- _Recorded data_

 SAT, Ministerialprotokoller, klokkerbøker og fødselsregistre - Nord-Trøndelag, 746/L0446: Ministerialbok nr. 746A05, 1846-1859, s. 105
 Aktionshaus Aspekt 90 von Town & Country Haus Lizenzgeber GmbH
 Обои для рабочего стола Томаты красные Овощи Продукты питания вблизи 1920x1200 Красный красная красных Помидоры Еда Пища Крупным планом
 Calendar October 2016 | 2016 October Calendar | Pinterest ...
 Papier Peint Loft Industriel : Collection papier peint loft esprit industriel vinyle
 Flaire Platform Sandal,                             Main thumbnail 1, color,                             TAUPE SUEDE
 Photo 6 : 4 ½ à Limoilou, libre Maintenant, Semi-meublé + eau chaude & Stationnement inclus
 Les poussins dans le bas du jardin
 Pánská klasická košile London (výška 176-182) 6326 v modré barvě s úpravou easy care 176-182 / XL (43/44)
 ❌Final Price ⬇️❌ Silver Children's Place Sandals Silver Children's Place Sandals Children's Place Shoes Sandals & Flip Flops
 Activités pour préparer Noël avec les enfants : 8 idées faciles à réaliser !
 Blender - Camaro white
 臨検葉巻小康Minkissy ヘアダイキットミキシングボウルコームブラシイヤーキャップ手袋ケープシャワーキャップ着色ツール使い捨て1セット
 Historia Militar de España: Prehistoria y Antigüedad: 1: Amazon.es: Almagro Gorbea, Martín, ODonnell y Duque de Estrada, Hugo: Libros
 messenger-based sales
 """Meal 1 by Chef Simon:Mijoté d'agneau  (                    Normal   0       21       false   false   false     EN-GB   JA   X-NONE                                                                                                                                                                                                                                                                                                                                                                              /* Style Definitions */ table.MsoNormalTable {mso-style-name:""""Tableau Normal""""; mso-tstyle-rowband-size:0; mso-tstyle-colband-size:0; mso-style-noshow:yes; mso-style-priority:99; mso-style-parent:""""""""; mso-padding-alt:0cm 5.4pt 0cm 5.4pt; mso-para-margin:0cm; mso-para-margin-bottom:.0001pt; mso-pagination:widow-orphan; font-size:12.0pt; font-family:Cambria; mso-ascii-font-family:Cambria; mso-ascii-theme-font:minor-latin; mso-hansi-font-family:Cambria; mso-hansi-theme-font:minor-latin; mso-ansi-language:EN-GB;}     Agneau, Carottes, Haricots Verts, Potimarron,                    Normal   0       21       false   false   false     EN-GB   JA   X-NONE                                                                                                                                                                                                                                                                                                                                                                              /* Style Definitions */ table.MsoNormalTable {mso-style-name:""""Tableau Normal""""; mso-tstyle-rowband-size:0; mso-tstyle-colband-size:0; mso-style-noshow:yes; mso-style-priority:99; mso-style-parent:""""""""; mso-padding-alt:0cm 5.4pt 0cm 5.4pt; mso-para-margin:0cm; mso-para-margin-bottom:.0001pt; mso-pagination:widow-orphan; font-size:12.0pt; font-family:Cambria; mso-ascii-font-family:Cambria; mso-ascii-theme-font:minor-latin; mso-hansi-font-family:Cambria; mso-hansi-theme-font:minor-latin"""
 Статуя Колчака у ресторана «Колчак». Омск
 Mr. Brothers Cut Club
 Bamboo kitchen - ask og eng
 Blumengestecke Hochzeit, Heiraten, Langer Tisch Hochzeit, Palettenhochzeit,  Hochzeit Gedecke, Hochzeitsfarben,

- _What this task involves_
Without changing a single character, write out all of the entries.

- _Your response_
 SAT, Ministerialprotokoller, klokkerbøker og fødselsregistre - Nord-Trøndelag, 746/L0446: Ministerialbok nr. 746A05, 1846-1859, s. 105
 Aktionshaus Aspekt 90 von Town & Country Haus Lizenzgeber GmbH
 Обои для рабочего стола Томаты красные Овощи Продукты питания вблизи 1920x1200 Красный красная красных Помидоры Еда Пища Крупным планом
 Calendar October 2016 | 2016 October Calendar | Pinterest ...
 Papier Peint Loft Industriel : Collection papier peint loft esprit industriel vinyle
 Flaire Platform Sandal,                             Main thumbnail 1, color,                             TAUPE SUEDE
 Photo 6 : 4 ½ à Limoilou, libre Maintenant, Semi-meublé + eau chaude & Stationnement inclus
 Les poussins dans le bas du jardin
 Pánská klasická košile London (výška 176-182) 6326 v modré barvě s úpravou easy care 176-182 / XL (43/44)
 ❌Final Price ⬇️❌ Silver Children's Place Sandals Silver Children's Place Sandals Children's Place Shoes Sandals & Flip Flops
 Activités pour préparer Noël avec les enfants : 8 idées faciles à réaliser !
 Blender - Camaro white
 臨検葉巻小康Minkissy ヘアダイキットミキシングボウルコームブラシイヤーキャップ手袋ケープシャワーキャップ着色ツール使い捨て1セット
 Historia Militar de España: Prehistoria y Antigüedad: 1: Amazon.es: Almagro Gorbea, Martín, ODonnell y Duque de Estrada, Hugo: Libros
 messenger-based sales
 """Meal 1 by Chef Simon:Mijoté d'agneau  (                    Normal   0       21       false   false   false     EN-GB   JA   X-NONE                                                                                                                                                                                                                                                                                                                                                                              /* Style Definitions */ table.MsoNormalTable {mso-style-name:""""Tableau Normal""""; mso-tstyle-rowband-size:0; mso-tstyle-colband-size:0; mso-style-noshow:yes; mso-style-priority:99; mso-style-parent:""""""""; mso-padding-alt:0cm 5.4pt 0cm 5.4pt; mso-para-margin:0cm; mso-para-margin-bottom:.0001pt; mso-pagination:widow-orphan; font-size:12.0pt; font-family:Cambria; mso-ascii-font-family:Cambria; mso-ascii-theme-font:minor-latin; mso-hansi-font-family:Cambria; mso-hansi-theme-font:minor-latin; mso-ansi-language:EN-GB;}     Agneau, Carottes, Haricots Verts, Potimarron,                    Normal   0       21       false   false   false     EN-GB   JA   X-NONE                                                                                                                                                                                                                                                                                                                                                                              /* Style Definitions */ table.MsoNormalTable {mso-style-name:""""Tableau Normal""""; mso-tstyle-rowband-size:0; mso-tstyle-colband-size:0; mso-style-noshow:yes; mso-style-priority:99; mso-style-parent:""""""""; mso-padding-alt:0cm 5.4pt 0cm 5.4pt; mso-para-margin:0cm; mso-para-margin-bottom:.0001pt; mso-pagination:widow-orphan; font-size:12.0pt; font-family:Cambria; mso-ascii-font-family:Cambria; mso-ascii-theme-font:minor-latin; mso-hansi-font-family:Cambria; mso-hansi-theme-font:minor-latin"""
 Статуя Колчака у ресторана «Колчак». Омск
 Mr. Brothers Cut Club
 Bamboo kitchen - ask og eng
 Blumengestecke Hochzeit, Heiraten, Langer Tisch Hochzeit, Palettenhochzeit,  Hochzeit Gedecke, Hochzeitsfarben,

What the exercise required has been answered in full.